- **TASK INSTRUCTIONS**: Word for word, copy the listing below and leave out its images.

- **DATASET EXCERPT**:
------------------------
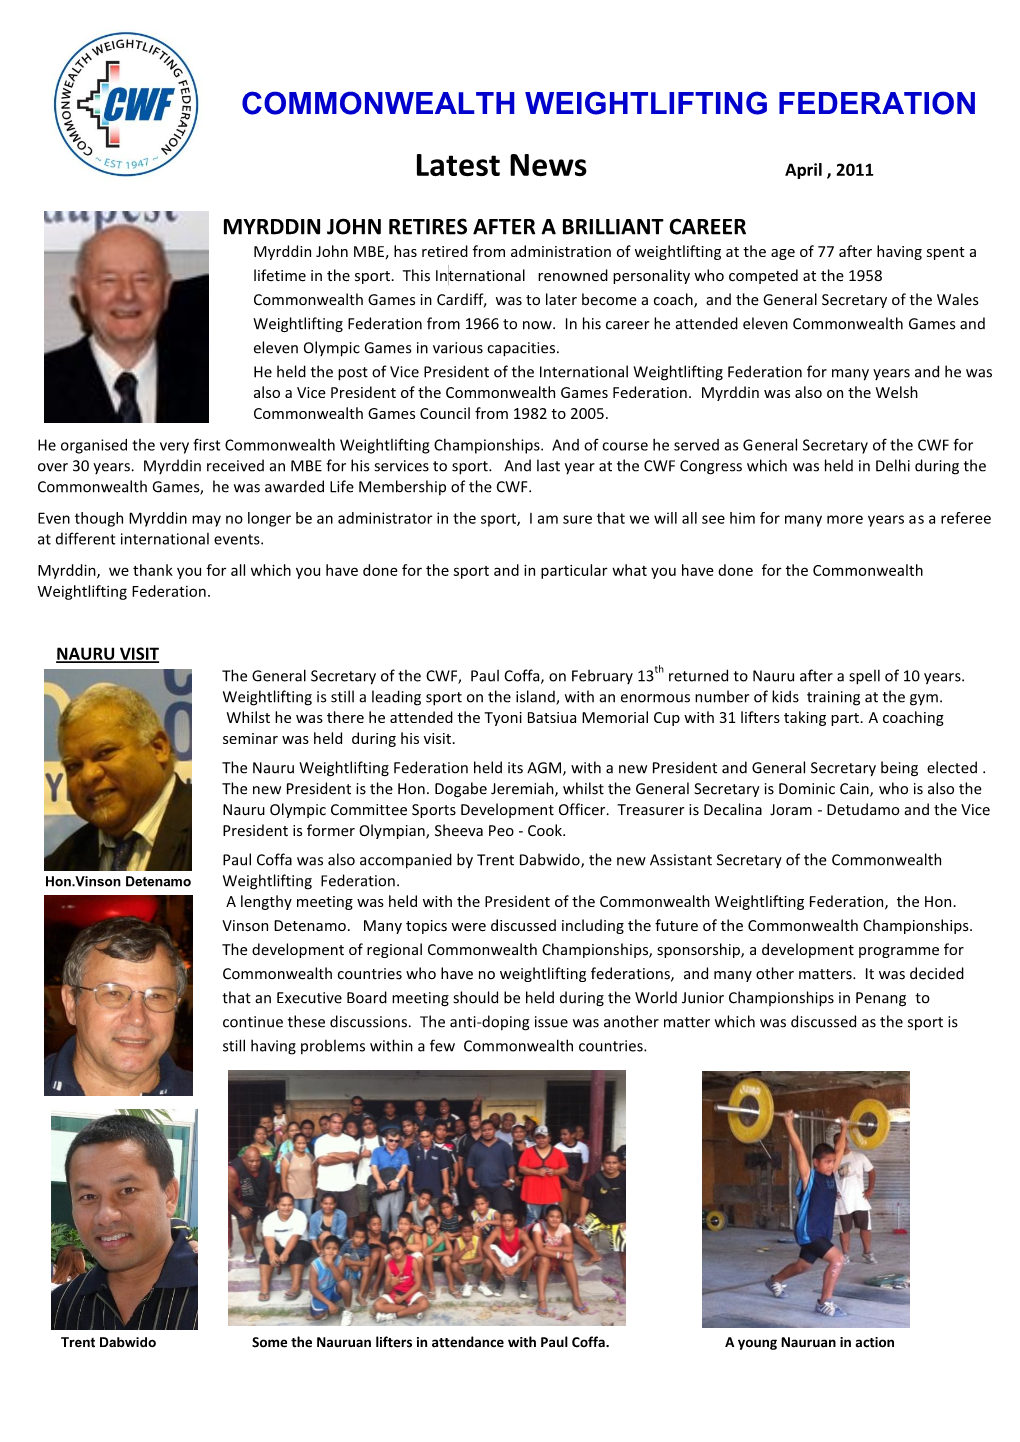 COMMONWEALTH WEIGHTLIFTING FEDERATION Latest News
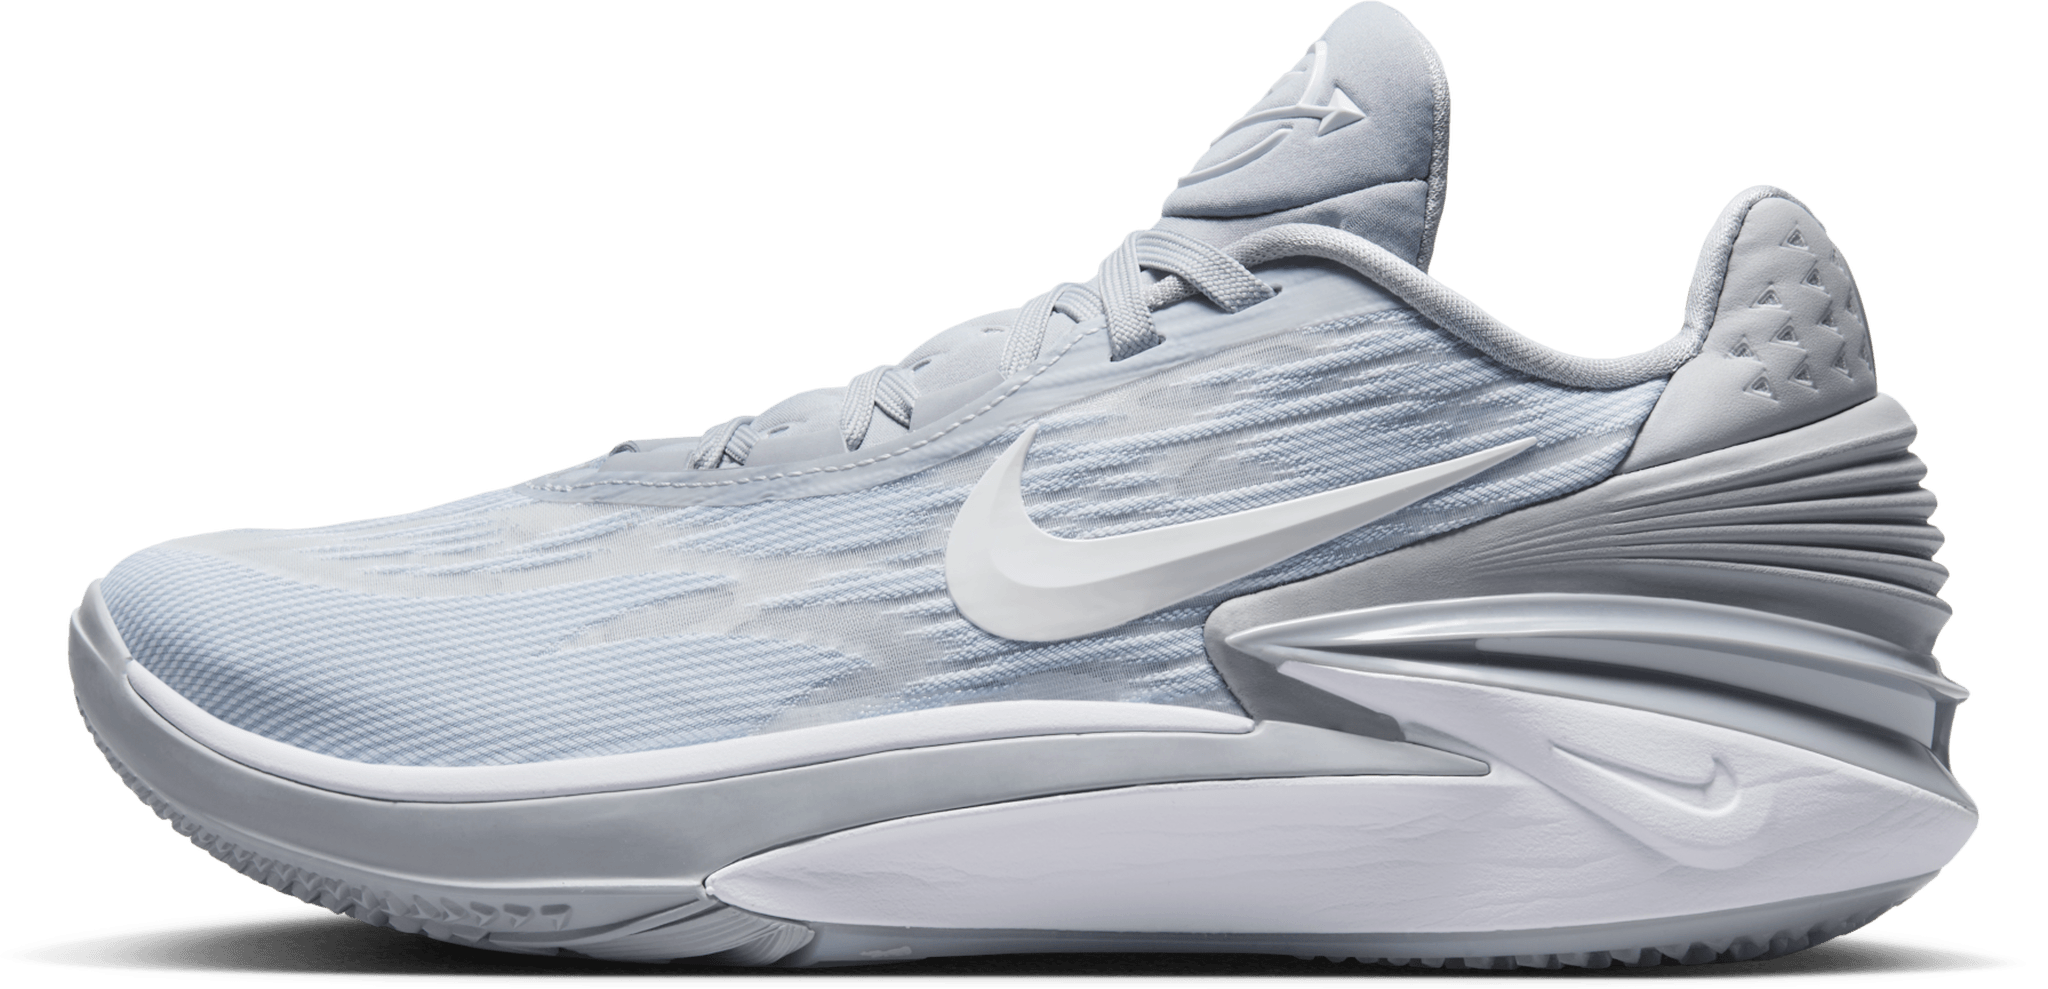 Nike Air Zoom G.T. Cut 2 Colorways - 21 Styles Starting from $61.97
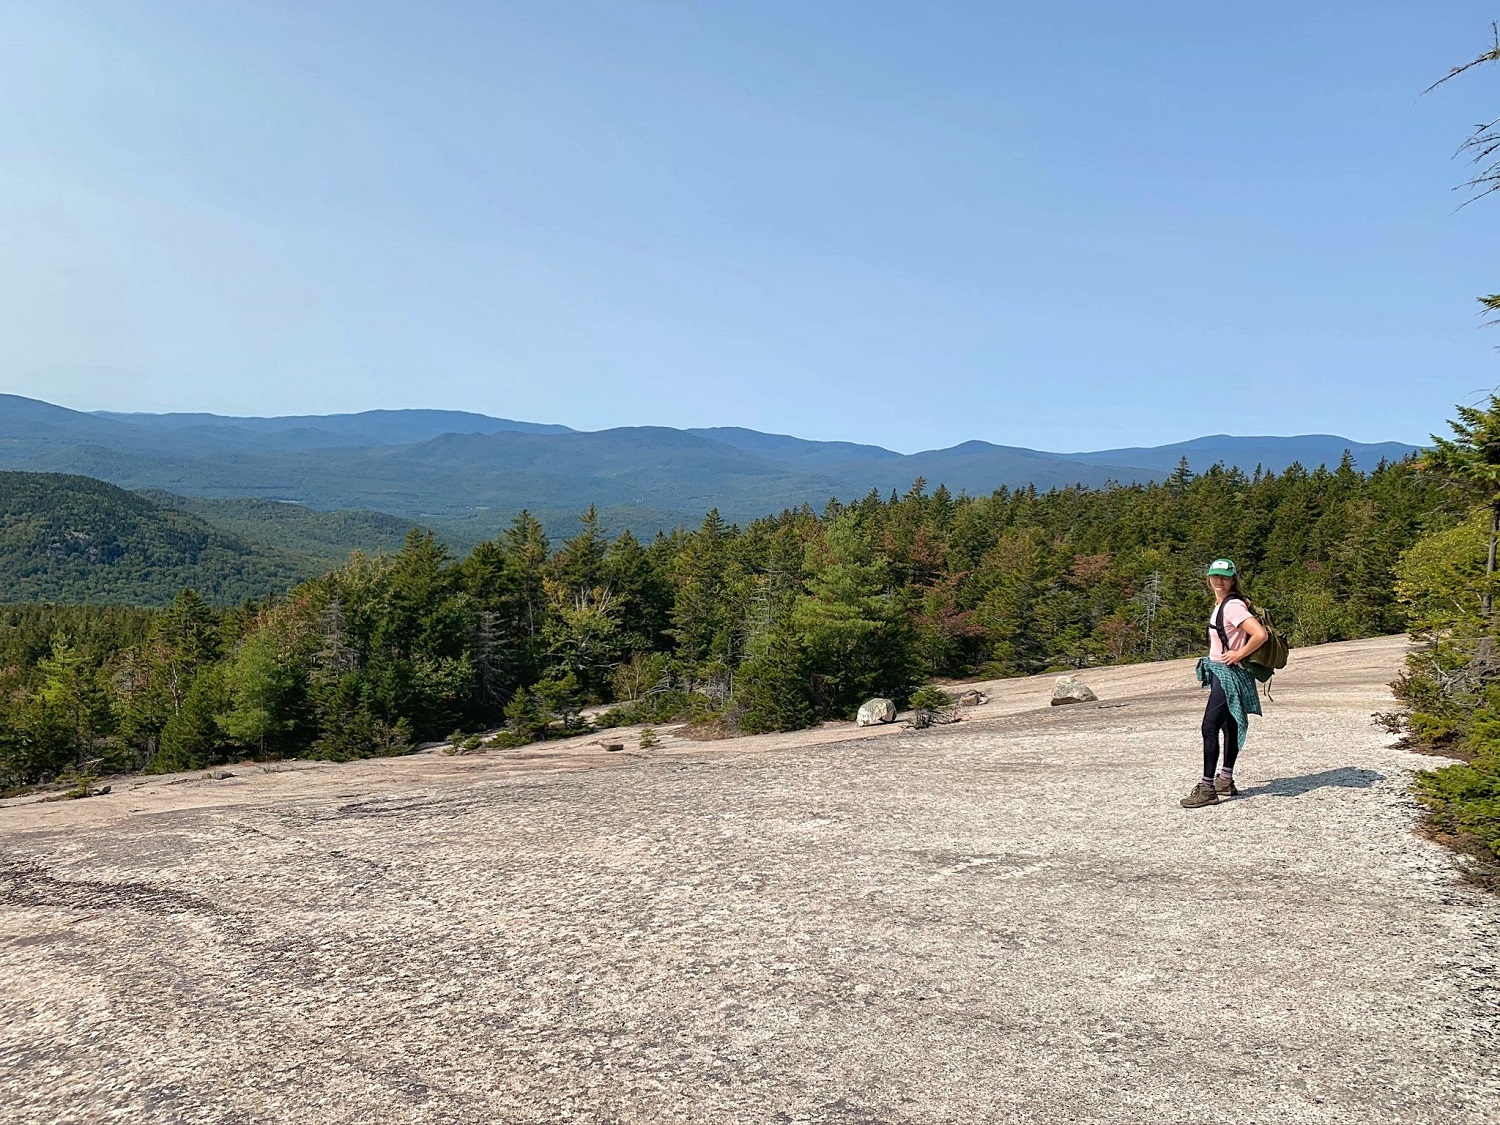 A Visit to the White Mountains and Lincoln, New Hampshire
------------------------
- **TASK OUTPUT**:
 COMMONWEALTH WEIGHTLIFTING FEDERATION Latest News
 Nike Air Zoom G.T. Cut 2 Colorways - 21 Styles Starting from $61.97
 A Visit to the White Mountains and Lincoln, New Hampshire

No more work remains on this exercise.